Ademais, há marcante ironia do autor no texto, bem como alusão moral no “Capitão Mendonça”, como se esse fosse uma indigestão literária, o pesadelo sofrido por Amaral, em virtude de “misturar” aborrecimentos (tido como arrufos, termo usado na época) com histórias de dramas excessivamente românticos, como consta do teatro que envolvia homicídios e abandonos, aparentando que essa combinação seria pesada demais para Amaral.
Dessa feita, é imprescindível compreender que a interpretação pela teoria da recepção leva-se em conta a visão de mundo e das experiências literárias daquele quem o texto interpreta, podendo, por isso, haver outras tantas interpretações cabíveis, como, por exemplo, uma visão mais científica a partir da criação laboratorial de Augusta. Diante do exposto, afirma-se que acerca da construção da comunicação entre texto e leitor, que só pode ser concebida a partir da leitura e interpretação da linguagem e das referências obtidas no texto, o que remonta, mais uma vez, a relevância atual da teoria da recepção, que traz à figura do leitor e sua avaliação serem tão importantes.
	
REFERÊNCIAS
ASSIS, Joaquim Maria Machado de. O capitão Mendonça. MAGALHÃES JR, Raimundo (org.). Contos recolhidos. Rio de Janeiro: Ediouro, 1956.

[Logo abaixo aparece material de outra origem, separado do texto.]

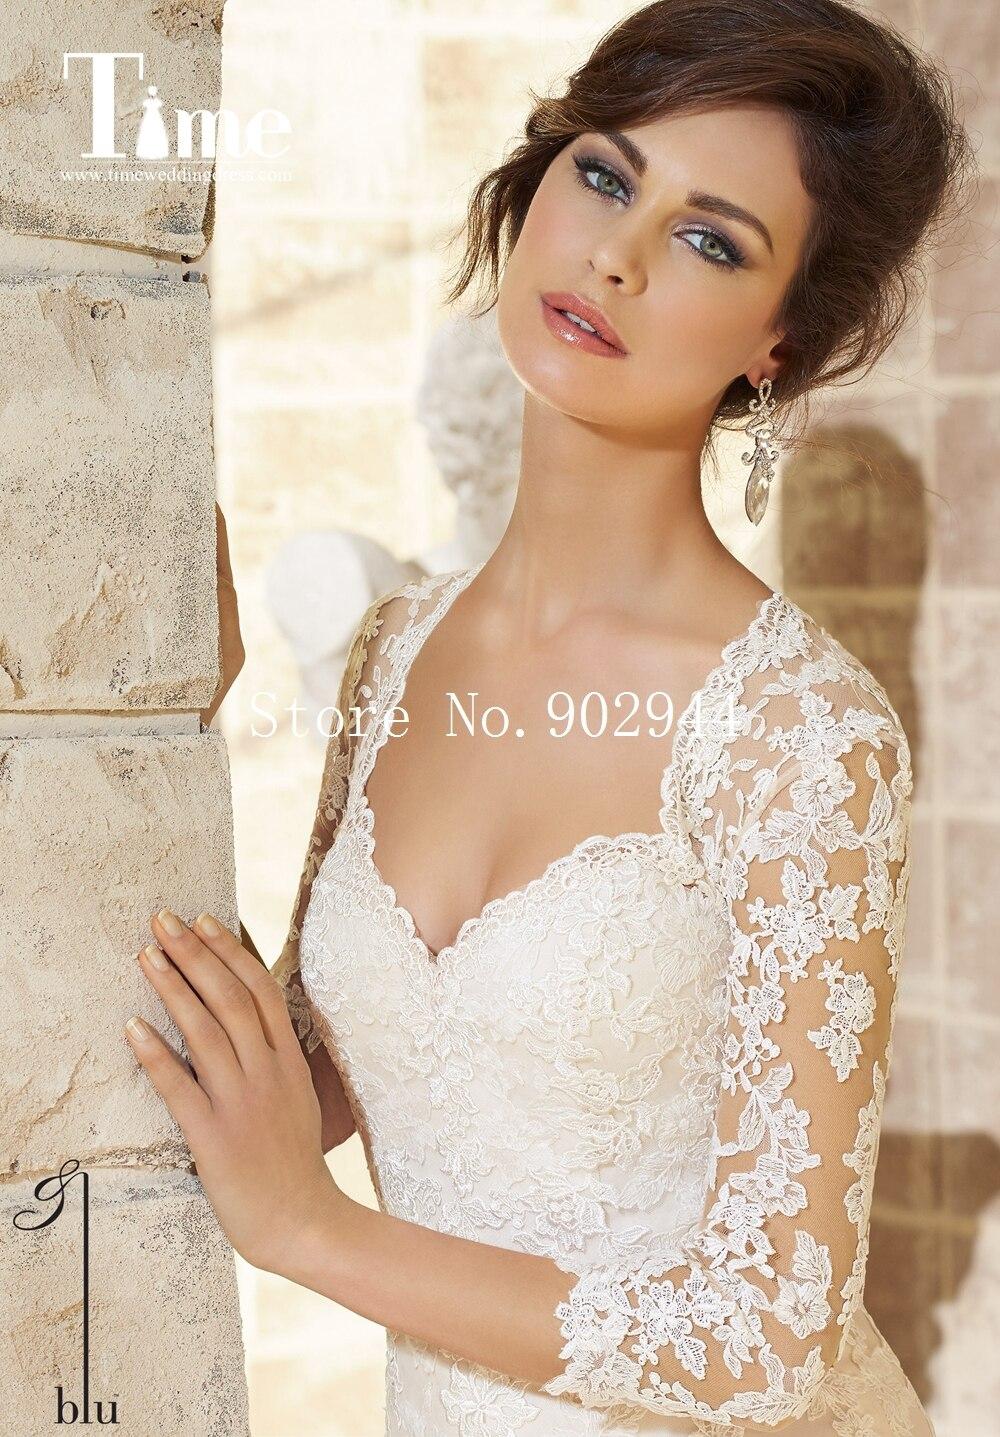 aire barcelona wedding dresses collection heart shaped wedding dress Aire Barcelona heart shaped back wedding dresses

GUGEL, R. F.; LÂNGARO, C. S. O ensino da Literatura pautado na estética da recepção. In: Os desafios da Escola Pública Paranaense na perspectiva do professor PDE: artigos. v. 1, p. 2-20, 2013
HOFFMANN, E. T.A. O homem de areia. In: MOREIRA COSTA, Flávio (org.). Os melhores contos fantásticos . Rio de Janeiro: Nova Fronteira, 2006.
JAUSS, H. R.. A história da literatura como provocação à teoria literária. Tradução de Sérgio Tellaroli. São Paulo: Ática, 1994.